▽
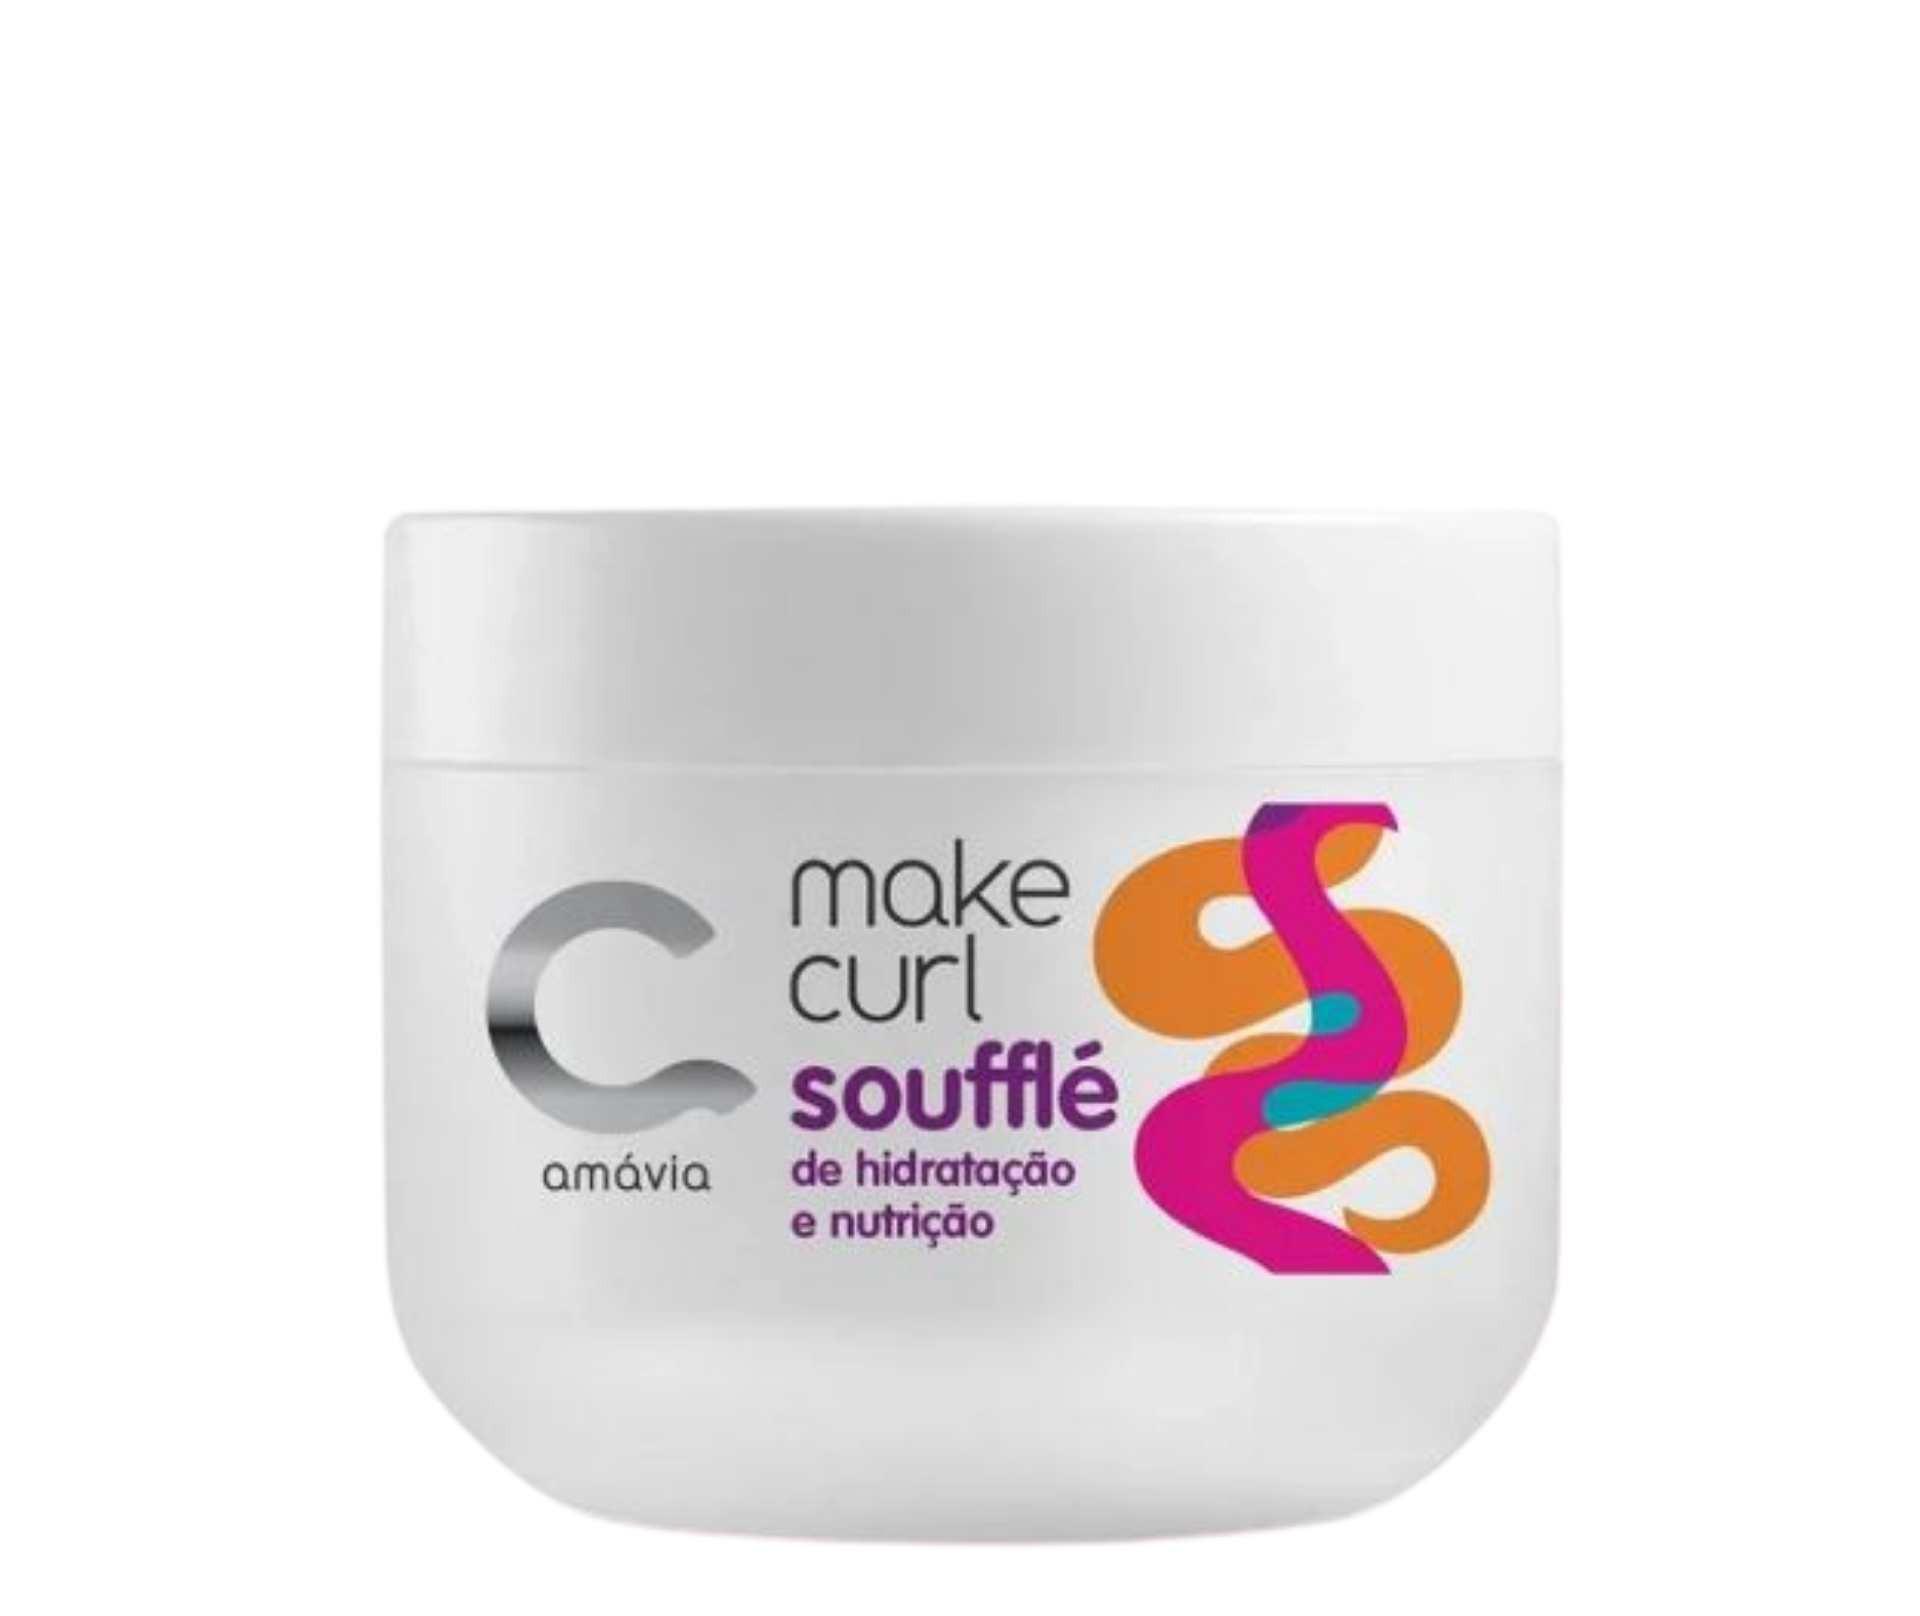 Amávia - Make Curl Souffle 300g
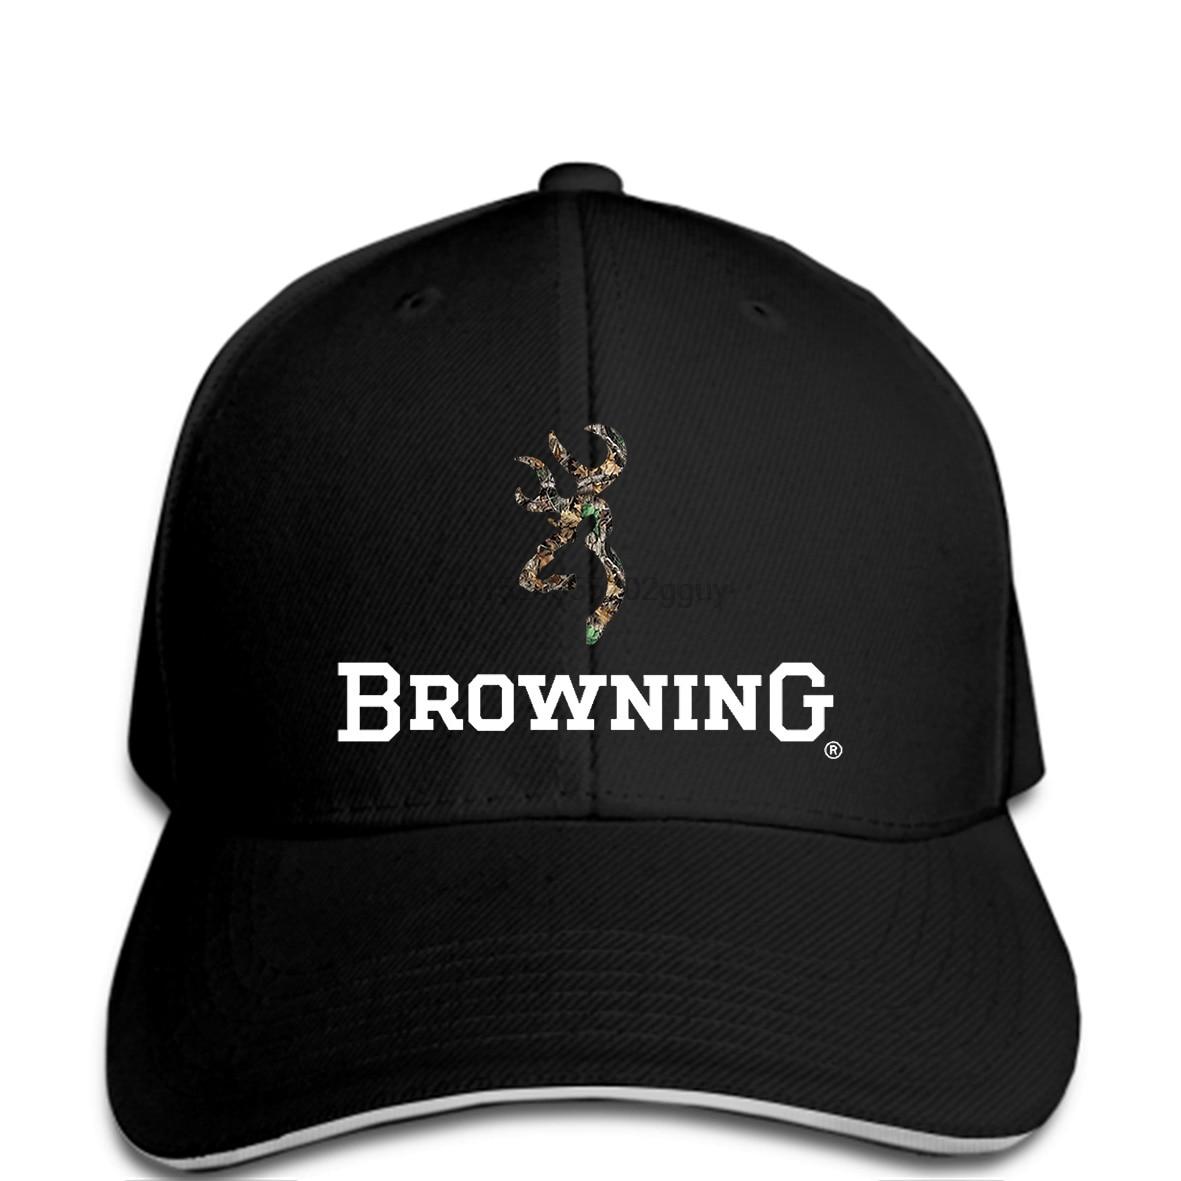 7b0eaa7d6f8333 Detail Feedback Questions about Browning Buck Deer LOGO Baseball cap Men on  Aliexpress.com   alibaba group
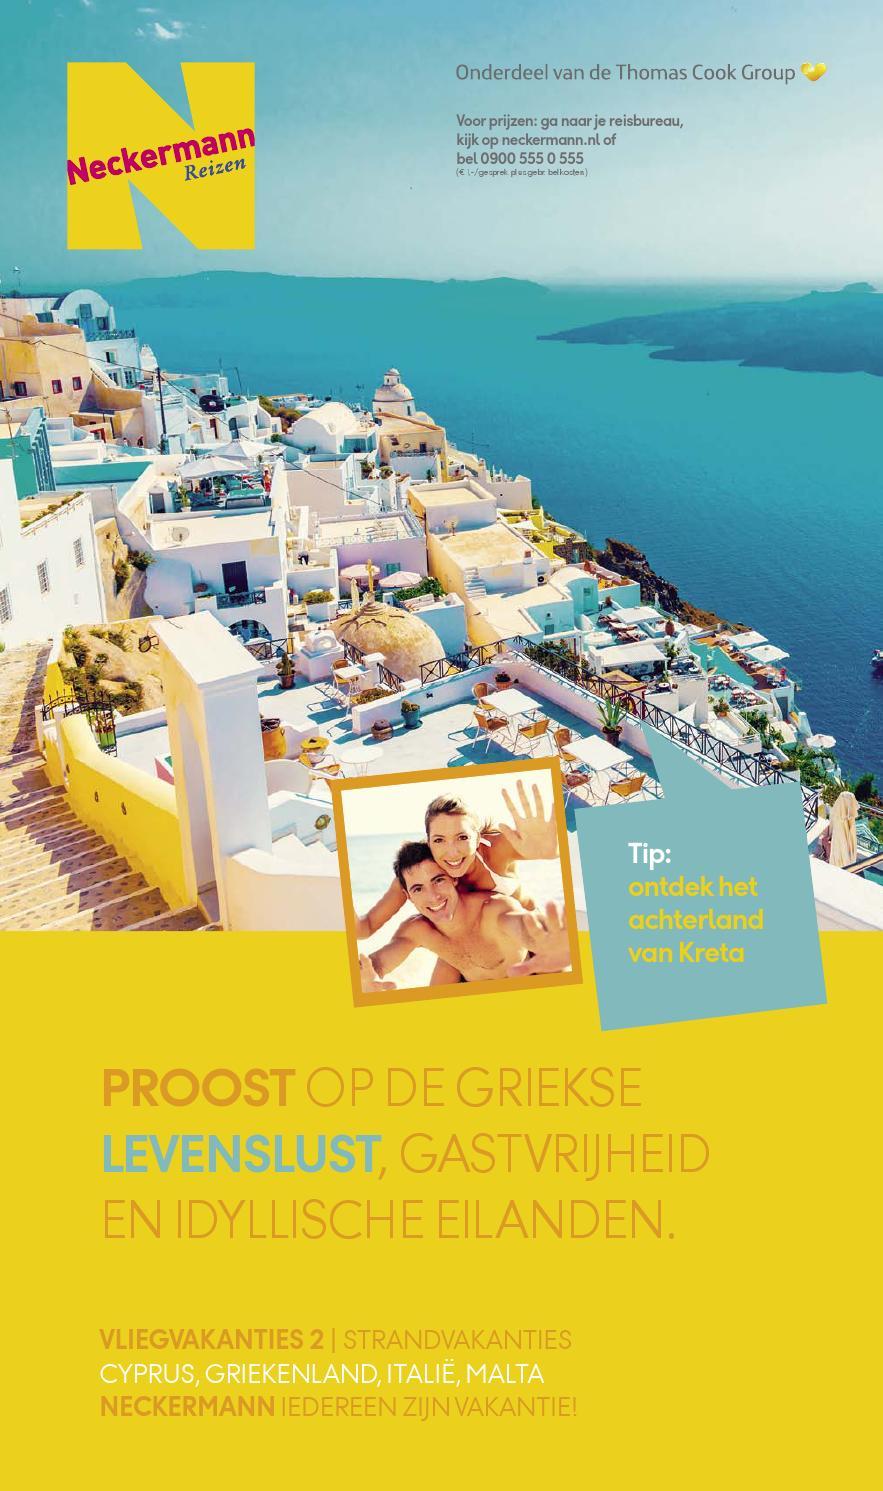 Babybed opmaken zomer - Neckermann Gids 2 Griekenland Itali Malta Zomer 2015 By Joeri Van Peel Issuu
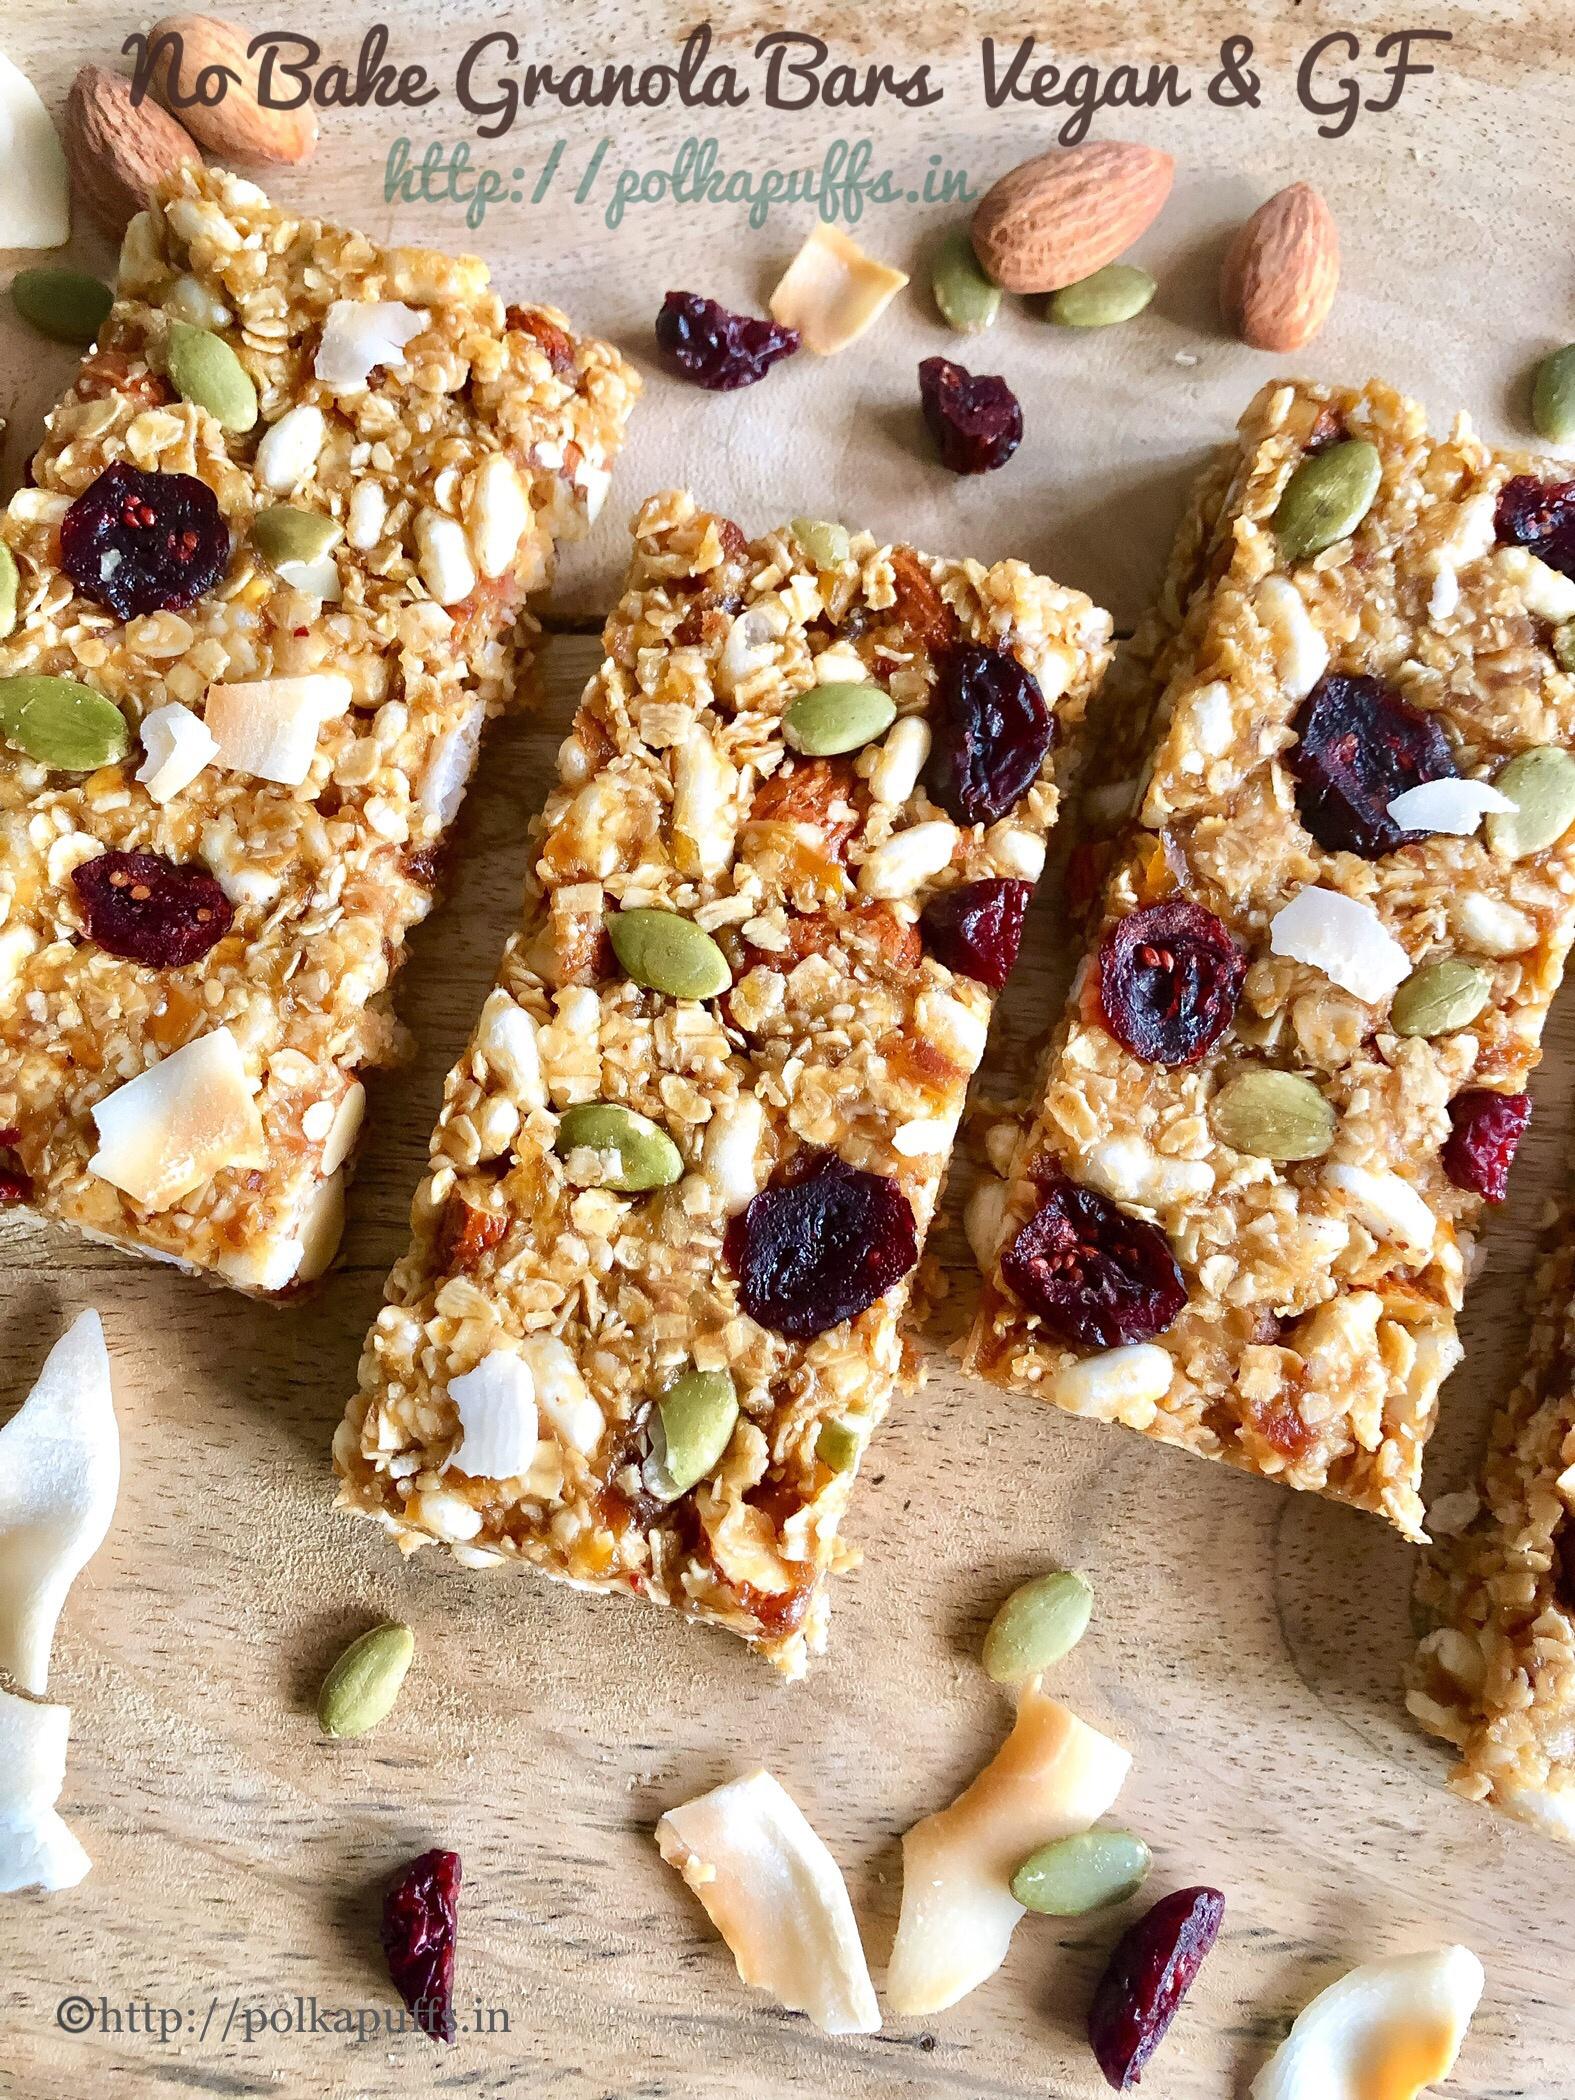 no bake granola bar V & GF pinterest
△
## Instructions to follow:
Only the lines from the one with "7b0eaa7d6f8333 Detail Feedback" through the final line of the data should be written out, exactly and including both ends. Skip the pictures.

## Task answer:
 7b0eaa7d6f8333 Detail Feedback Questions about Browning Buck Deer LOGO Baseball cap Men on  Aliexpress.com   alibaba group
 Babybed opmaken zomer - Neckermann Gids 2 Griekenland Itali Malta Zomer 2015 By Joeri Van Peel Issuu
 no bake granola bar V & GF pinterest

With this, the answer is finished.